There is some genetic basis to alcohol tolerance, as can be seen in the low tolerance levels of Japanese and Chinese populations. If you don't have an important gene for completing the breakdown sequence for alcohol, you're going to fall off your bar stool:
Quote:
Alcohol is metabolized principally in the liver, where it is converted first to acetaldehyde by the enzyme alcohol dehydrogenase. Acetaldehyde is then converted to acetate by the enzyme aldehyde dehydrogenase. Acetaldehyde produces unpleasant physiological reactions even at low concentration, so the presence or absence of the gene mutation affecting aldehyde dehydrogenase in turn affects drinking behaviors. When acetaldehyde is not rapidly converted to acetate the results are dramatic: a rapid increase in blood flow to the skin of the face, neck, and chest, rapid heartbeat, headache, nausea, and extreme drowsiness occur. "

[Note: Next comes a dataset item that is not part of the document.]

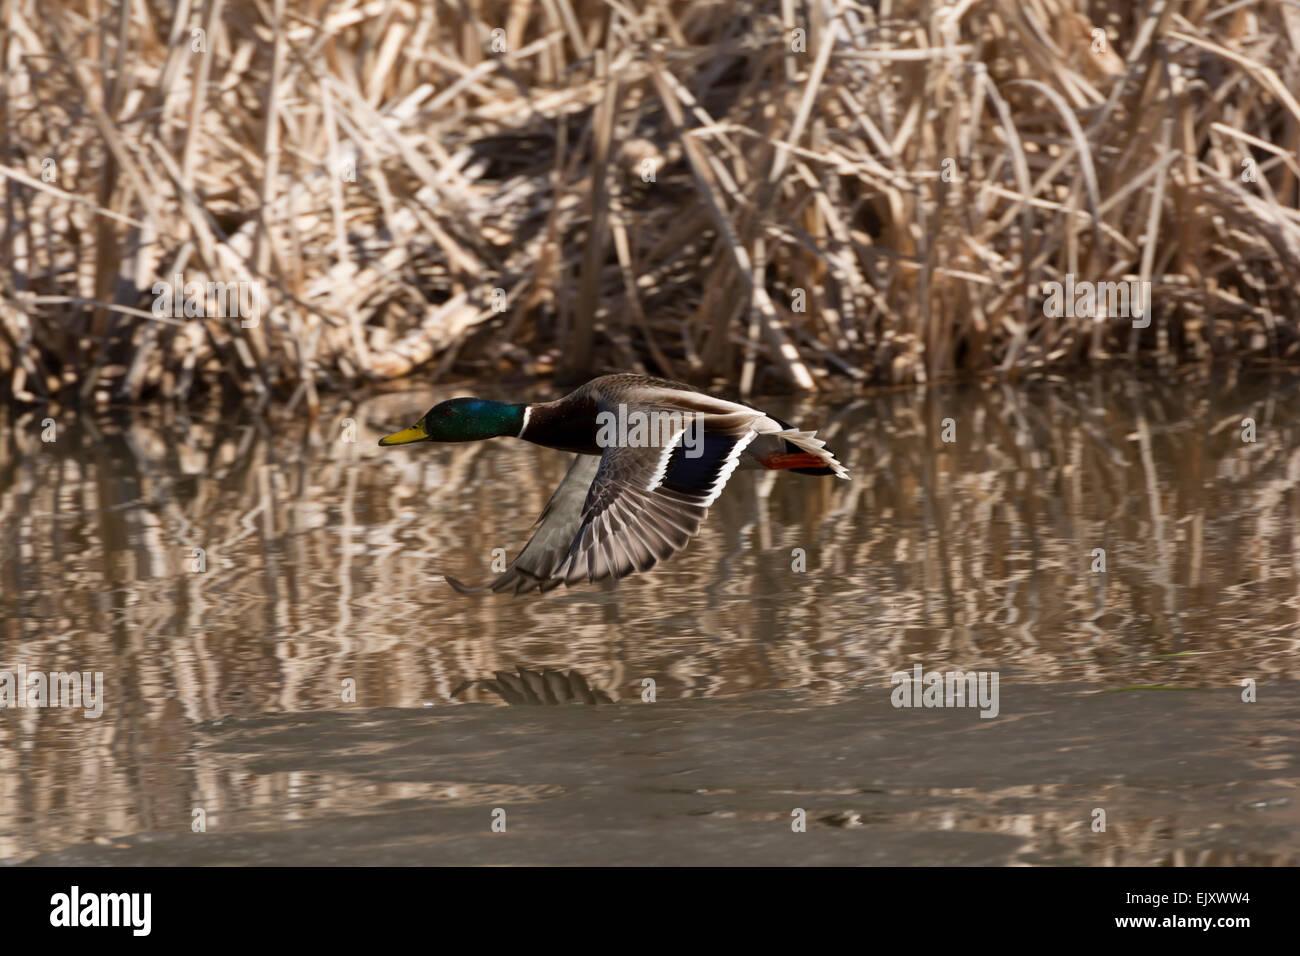 Mallard duck flying. - Stock Image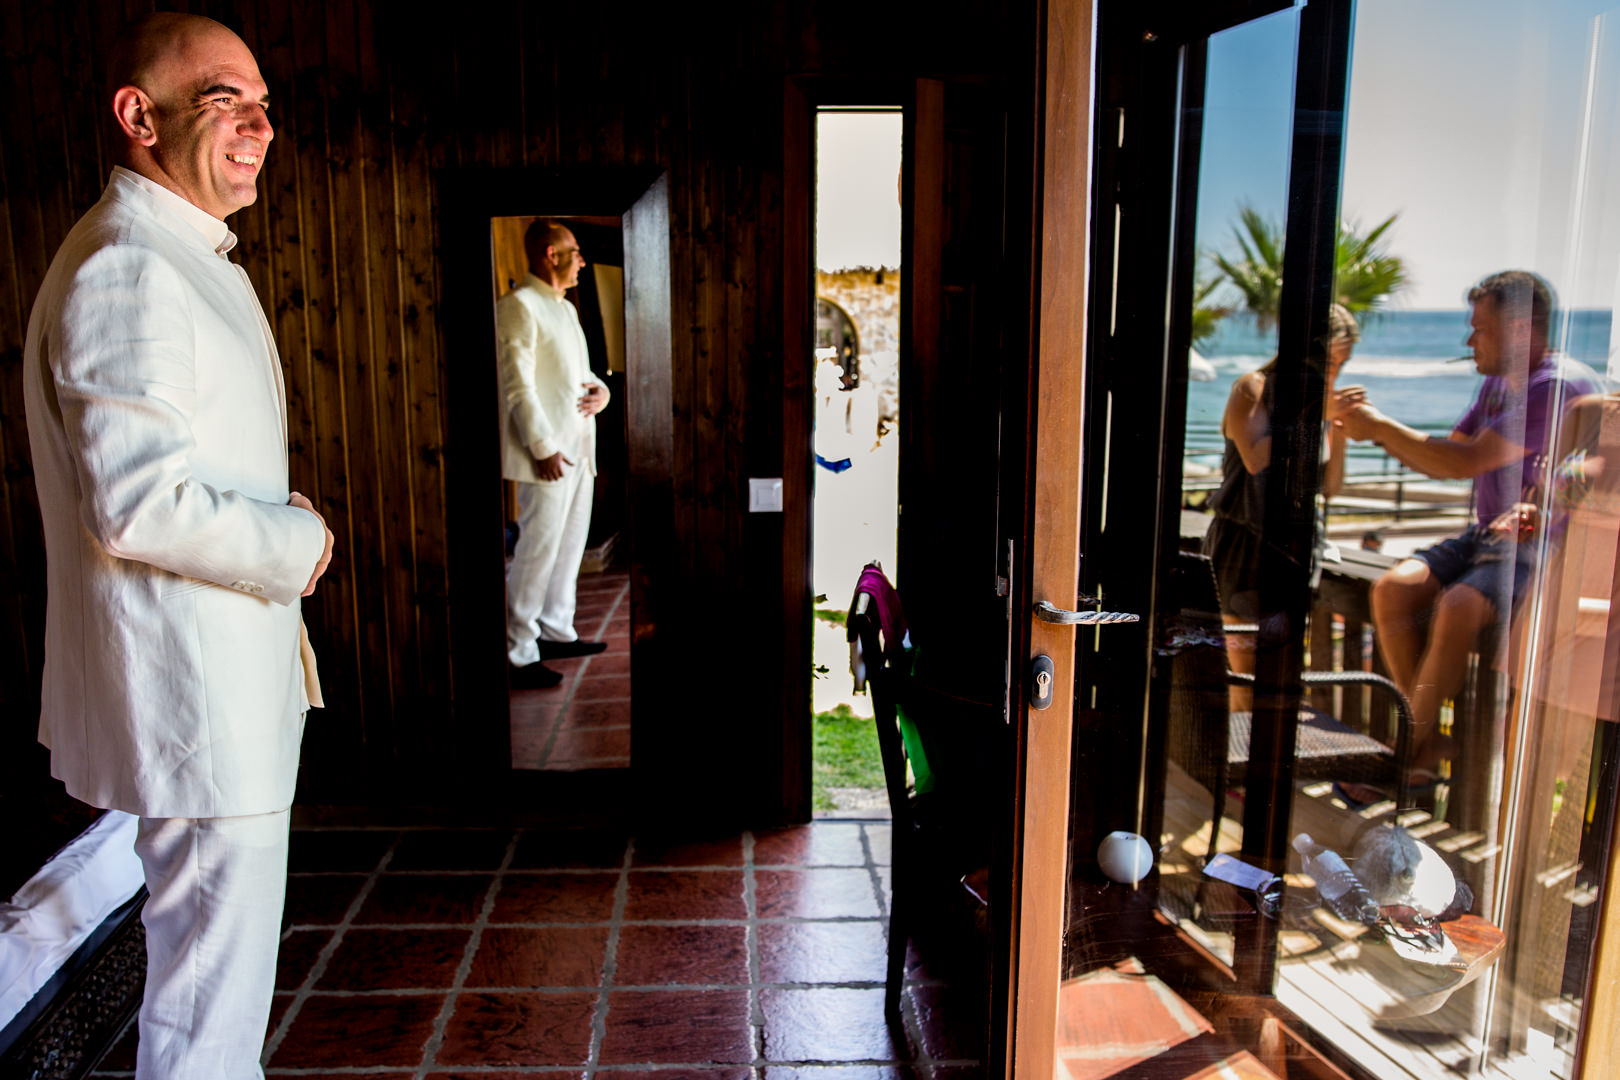 Boda-Sajorami-Beach-Cadiz-Zahora-Pedro-Gema-engagement-Rafael-Torres-fotografo-bodas-sevilla-madrid-barcelona-wedding-photographer--12.jpg

I've seen some theories that suggest that the gene mutation isn't common among westerners (who can drink their oriental business associates under the table), because of the history of brewing in the west as a way to disinfect water, and as the natural by-product of storing moist grain over winters for thousands of years.

 
Jenny
17234.  Wed Apr 06, 2005 9:40 am Reply with quote

That's interesting - I wonder if there's been any research done in native American populations, who are reputed to be bad at dealing with the effects of alcohol.